Jeff, any news about other car clubs competitors ? has lists been released ? any strong contenders ?


----------



## [email protected] (May 16, 2003)

Blog


----------



## Ludders (Feb 6, 2004)

This is going to be a really tough year and that's a promise. The other teams taking part are very strong indeed. This is going to be a great competition and one to remember for many years!

There is going to be a lot of arse kicking so just make sure it's not ours!!

The Scooby Team. (who list their strengths)

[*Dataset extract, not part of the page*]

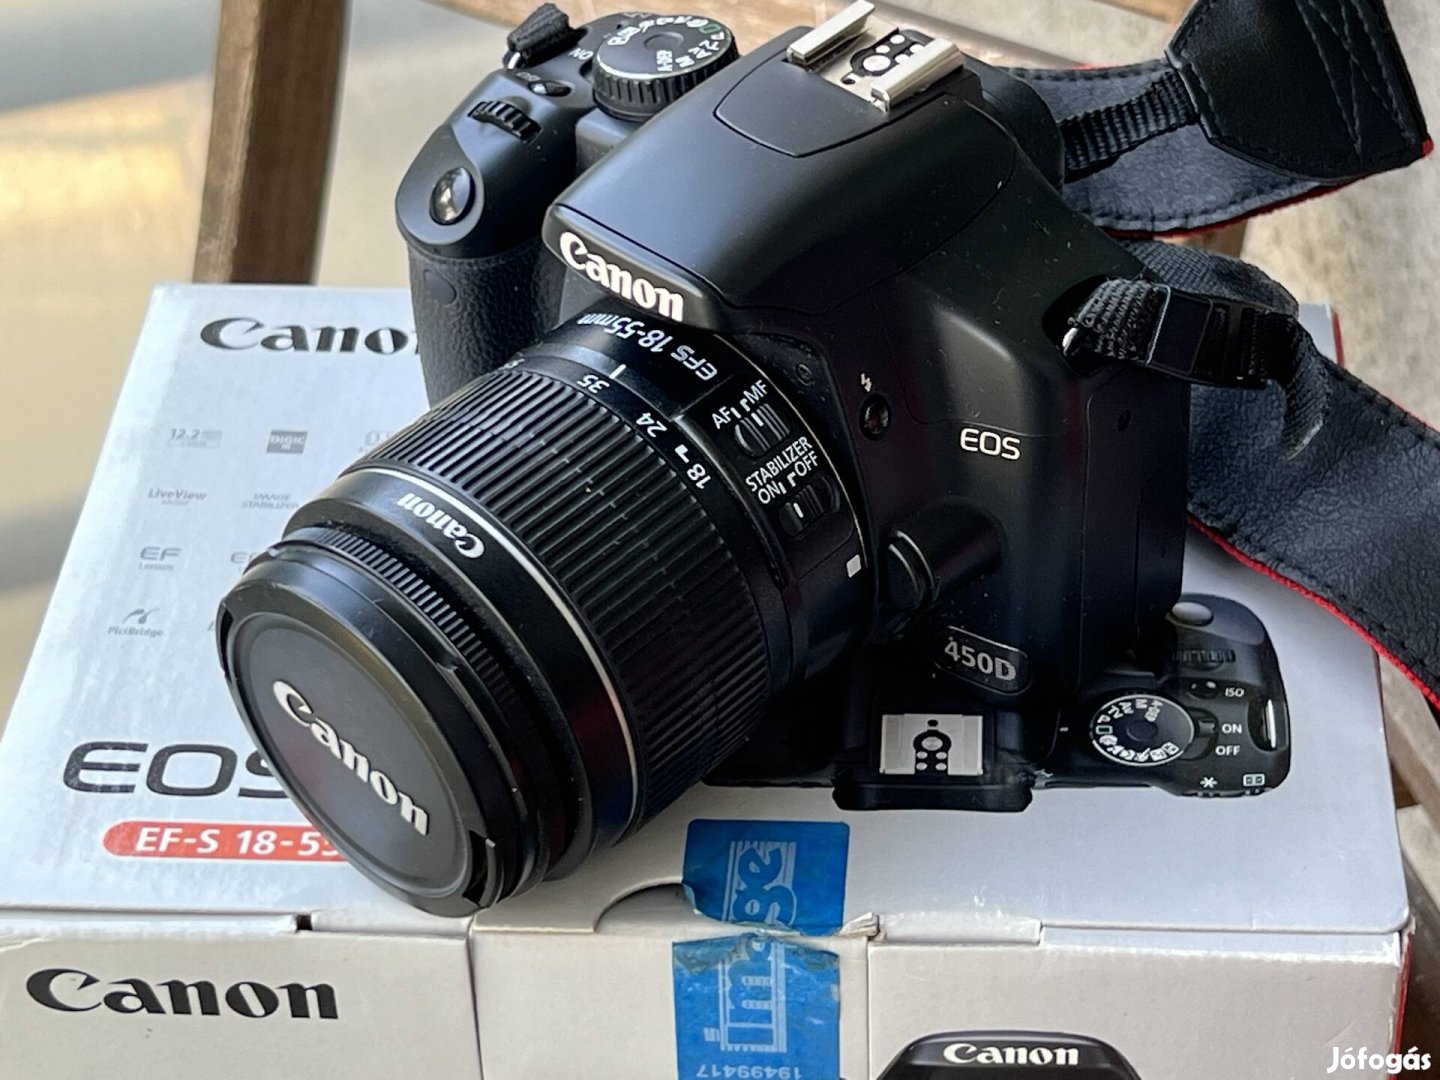 Canon 450D 18-55

John Stevenson - 2 Door - Handling 
Clive Fulcher - Blue Car - Drag/TS
Steven Darley - Banana - All
John F - MY05 JDM STi - Handling
Kev Horsley - Type R - Handling
Andy.F - 3.6 RA - All
Justin Andrews - RA - Handling
Rob Wakelin - Shrek - All
Mikee Singh - STI3 - Drag/TS
Neil Shaw - Type R - All 

Team Tweenie (Some of them)

Duncan cowper Dax Rush 1300t
Mick begley r32 Skyline
Shane smith r34 Skyline
Rob shadwell r32 Skyline
Richard cooper vr6 golf 
Adrian smith Toyota celica
Jonny milner Toyota celica
Raymond dewsbury Dax Rush 1300t

The MLR

Paul Martin (evo 6)
Barrie Rycroft (evo 7)
Richard Marples (evo 6)
Ross Walker (evo 6)
Bary Smithson (evo 6)
Gary Hayward (evo 7)
John Lewis (evo 8)
Kenny Brookes (evo 5)
Russ Paton (evo 6)
Mark Denny (evo 6)


.


----------



## Jm-Imports (Feb 12, 2007)

damm whish my car never broke ;-(


----------



## Ludders (Feb 6, 2004)

Jm-Imports said:


> damm whish my car never broke ;-(


Well...........that makes at least two of us matey.



.


----------



## busa turbo (Nov 8, 2009)

Hi Geff here is the full Team Tweenie 

Duncan cowper Dax Rush 1300t
Mick begley r32 Skyline
Shane smith r34 Skyline
Rob shadwell r32 Skyline
Richard cooper vr6 golf 
Adrian smith Toyota celica
Jonny milner Toyota celica
Raymond dewsbury Dax Rush 1300t
Simon grirriths r33 GTR
Iqbal hussain r32 GTR
was down at TR's tonight all looking good for TOTB have a good one all best Duncan.


----------